Personally, courses and literature about the writing craft get my blood pumping. Other things that get my blood pumping include:
- A hot, fresh pizza
- Roller coasters
- Sci-Fi movies
- Giving class presentations (for slightly different reasons 😉 )
- And many other fun things
However, for the purpose of this book review, advice from the prolific Stephen King, in his book On Writing, will be the focus of excitement. Published in 2000, shortly after a dire personal injury, On Writing includes encouragement and advice both on the craft of creating and everyday life. Written in a casual, disarming tone—not condescending, but instead, relatable—the book is comprised of constant touches of honest humor and, at times, blunt instruction. King’s charming childhood anecdotes serve as illustrations and views into his unique history and writing rituals. The imagery herein is effective: there’s one day he recalls going to the doctor for an ear infection as a child; the description of the needles and pain involved are cringe-worthy. King shows honesty that sets an example for what writers reveal in their individual work, and also how they present themselves to the people in their lives.
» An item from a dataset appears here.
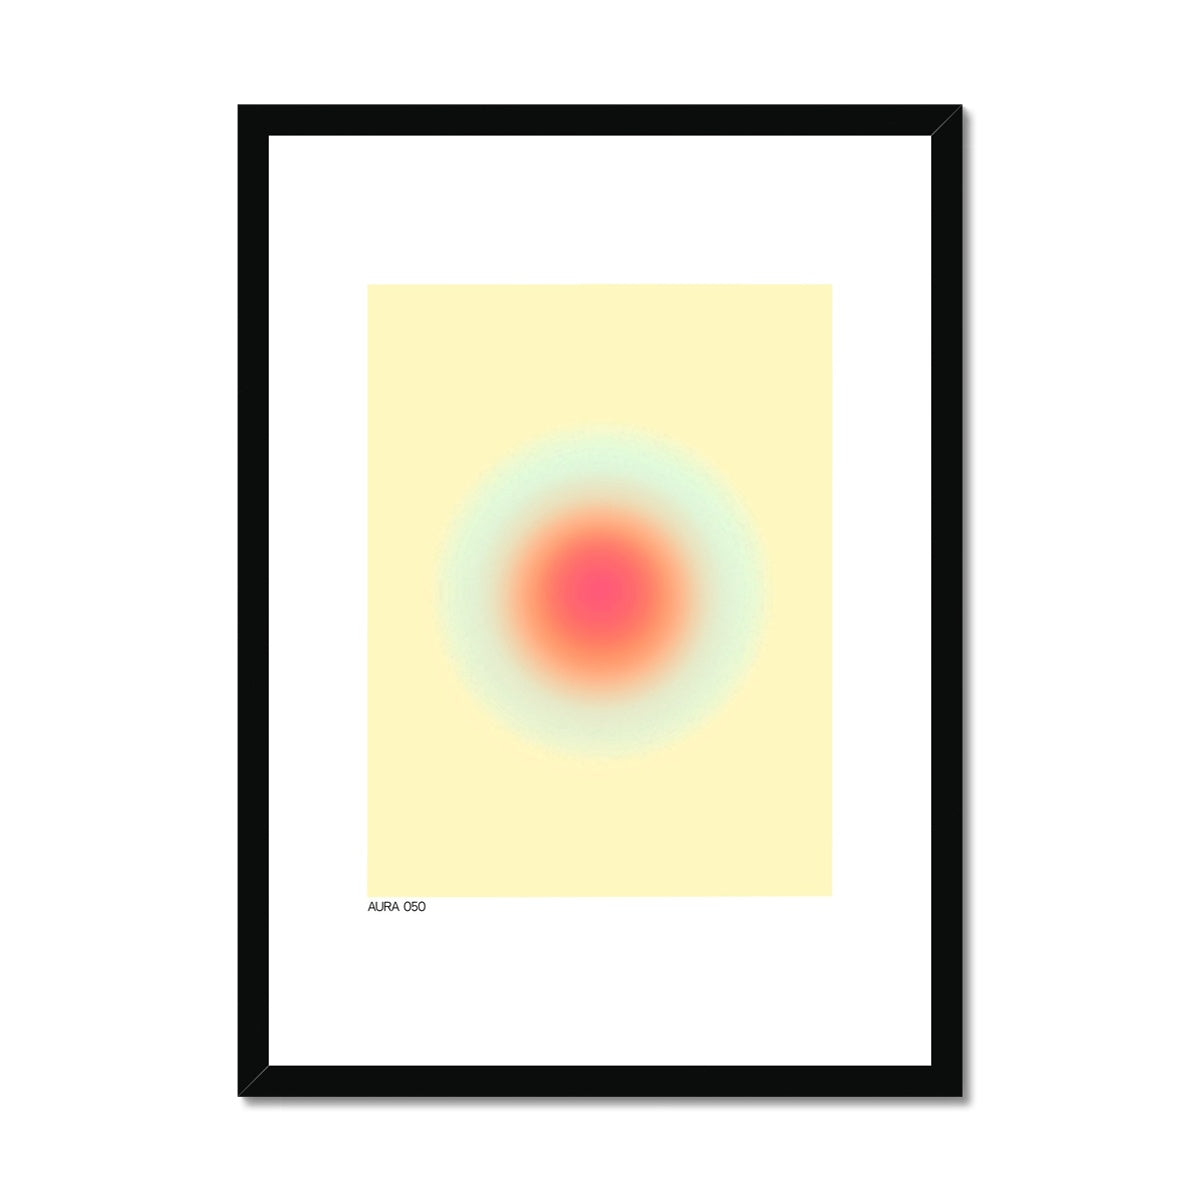 aura 050 Framed & Mounted Print

King’s story as an author starts with humble first attempts, a stack of rejection papers nailed to his wall, and comforting, sympathetic persistence—he never gave up on submitting or crafting more stories. He and his wife had a period of time where they worked at a laundromat and a donut shop, respectively—King makes it clear that normal life, with all its minute details (even disappointing ones) is okay. One of his remarkable pieces of advice is that we shouldn’t give up on manuscripts (or other forms of art) because they are difficult: even though we may not believe in something or be making progress right now, we can come back to it later, and find the thing we love about it.
Practically, the writing advice section of the book includes concrete advice on vocabulary, grammar, theme, pacing, backstory, structure, and more. King advises writers to have a daily word goal, or a set time—a personal expectation for each session in terms of productivity. He shares his goal and the struggles in protecting that time. Additionally, On Writing contains many “next step” recommendations, whether books, other guides on the craft, agent and publishing resources, and more. The last part of the book includes advice on revision, presenting oneself professionally to people in the industry, and submission strategies.
Overall, the book doesn’t come across as a strict directive toward any set of nuts-and-bolts rules, but rather, an encouraging talk from a mentor to remember the magic in writing, to have fun, and to work dedicatedly and excellently while doing these.
As a Christian writer, I enjoyed the optimism and encouragement in King’s book. I found his honesty reassuring and uplifting. His frankness about glaring mistakes writers make also rang true to our current culture’s hunger for quality material; so many contemporary works of art are wholly pessimistic, or written in a slipshod fashion—perhaps even formula fiction designed only to be widely sold. On Writing is a refreshingly upbeat call to take the craft seriously and make sure one’s work conveys a sense of meaning, which is already inherent in the time and effort one has spent making it. In a postmodern world that scoffs at universal meaning, King infuses his book with assurance that art does matter: people need to hear our edifying messages, whether they’re wrapped in overt hope, creepiness, or anything else.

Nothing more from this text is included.